Archive for June, 2008

Exam is finally over!

Thursday, June 12th, 2008

my a-levels A2 exam aka finals finally saw its last day a few days ago. surprisingly, i didnt feel happy nor relief but more anxious than i was before because i knew that i don’t have any more papers to redeem myself. its only a few days afterwards that i finally felt glad that it’s over because sitting for just 6 papers over a duration of 4 weeks is well, uh.. nerve-wrecking. u can’t chill or relax because u might feel guilty u didnt study n if u do study, u’d reach a certain point where ur just so full of it u wanna puke LOL (or at least, that’s wat a fren of mine said). anyway, i wrote another poem about the exam and well, uh… enjoy. it’s called "Odyssey"(as usual, no part of this poem may be reproduced in any way possible without the writer’s, that’s me, permission).

Odyssey

 

In a battle of mental state and intelligence,

Chokehold works its ways in utter diligence,

Nerves and anxiety coalesce, merging as one;

As I struggle to stay ahead in the long-awaited hunt.

 

My senses are dying out, alerted and numb,

I feel surges of shock scurry through my brain.

I struggle to pen with my fingers and thumb,

But time is merciless to allow all treasures gained.

 

The odyssey, a great journey of never ending,

Repeats itself like a heart beat, reverberating.
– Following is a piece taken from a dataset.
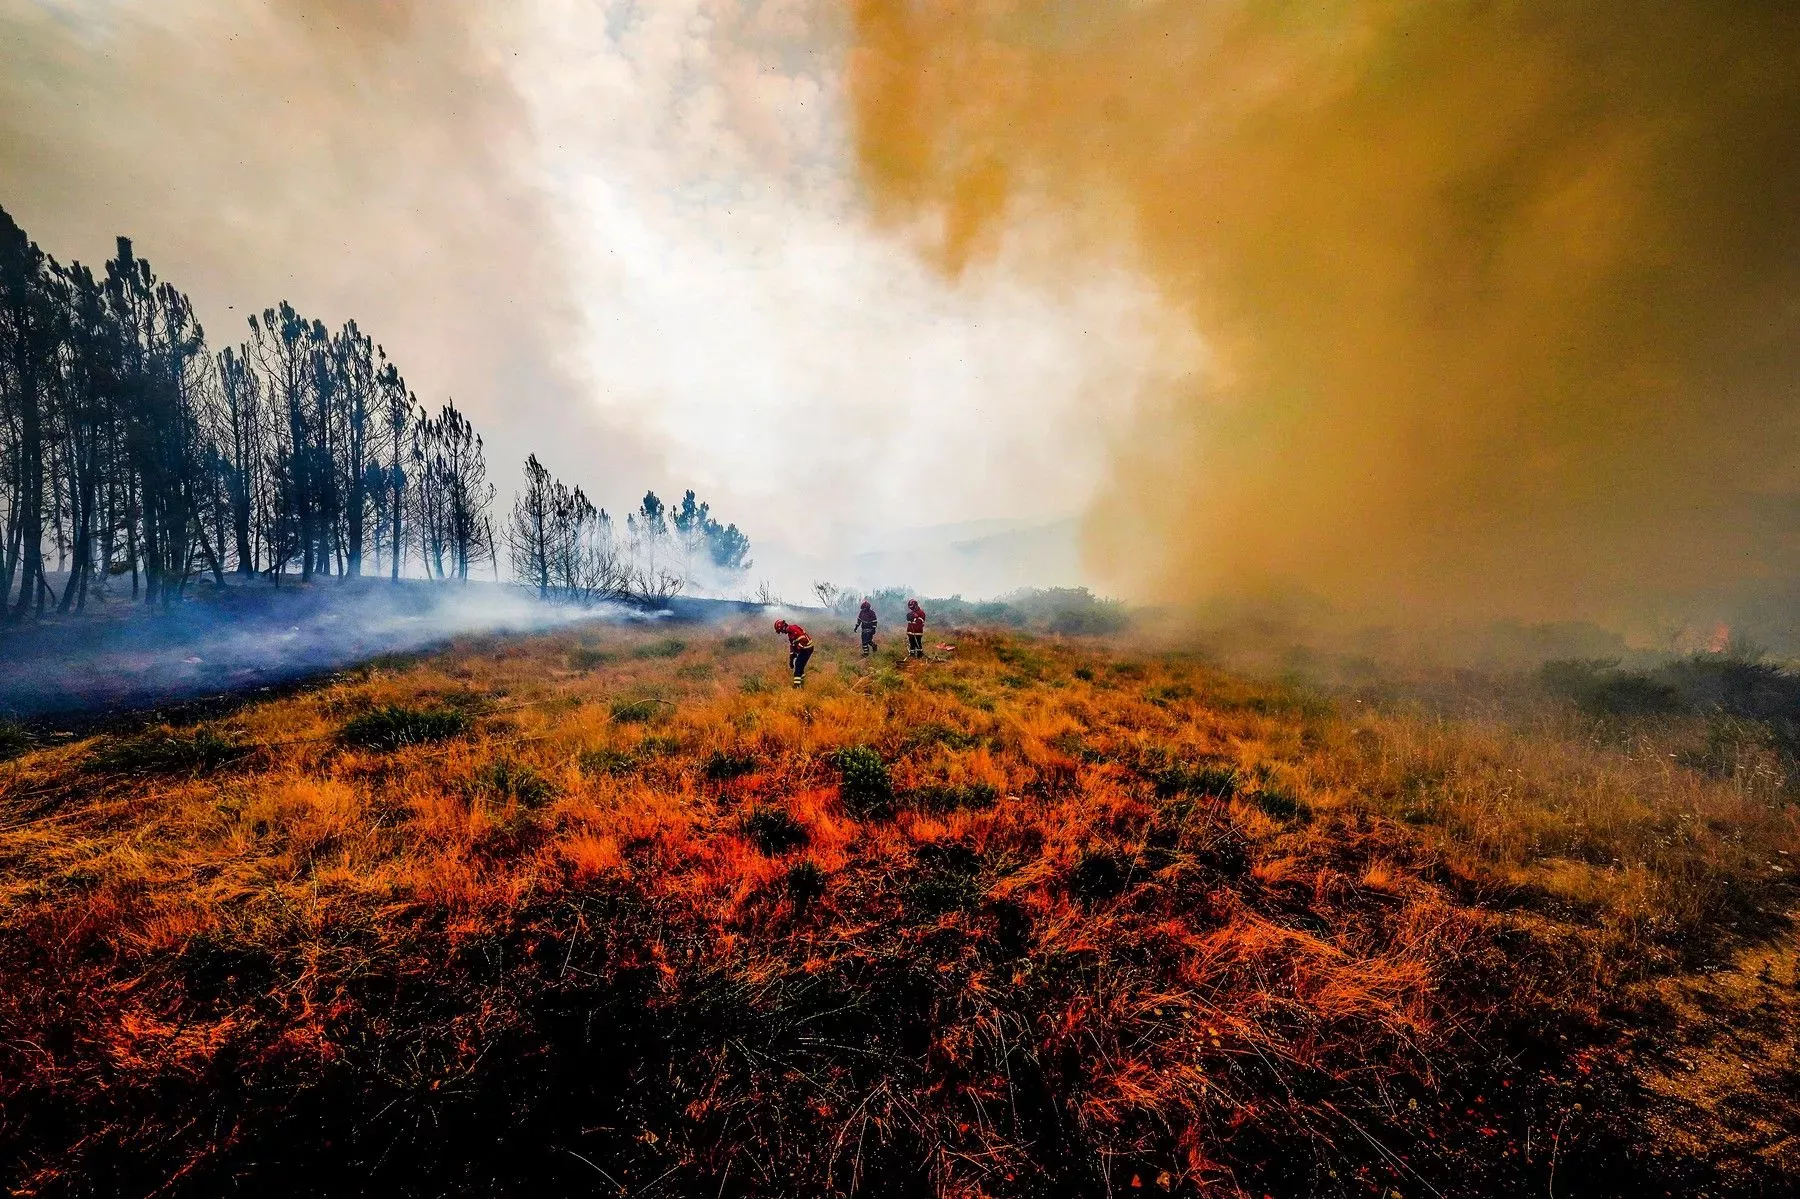 Následek lesního požáru v Portugalsku

At the end of the tunnel lies a halo of victory;

The ultimate reward, a catch beyond glory.

Help Me.

Thursday, June 5th, 2008

hey it’s been a while, i’m going through so much at the moment especially my finals among other less significant issues. but there’s one that particular bothers me and i wrote a poem about how i feel about it… u might not understand what it actually means but if u do, thank u. it’s called Help Me… (as usual, no part of this poem may be reproduced in any way possible without the writer’s, that’s me, permission).

Help Me

Help me, I am lost not knowing where I stand.

Confusion becomes me; I try to comprehend.

How could mere words cause hurt of such?

Fault the damned conclusion into which I barged.

 

Help me to seek the origin of this distaste,

Or evidence how honesty a repulsive face?

A blazing flame does not burn very long;

Still it is elusive how I am in the wrong.

 

Help me to recover from this thorny malady,

Before it consumes me like a famished mystery.

Help me, I beseech thee, allow bygones be bygones.

Let the dawn be embraced, the night be forgone.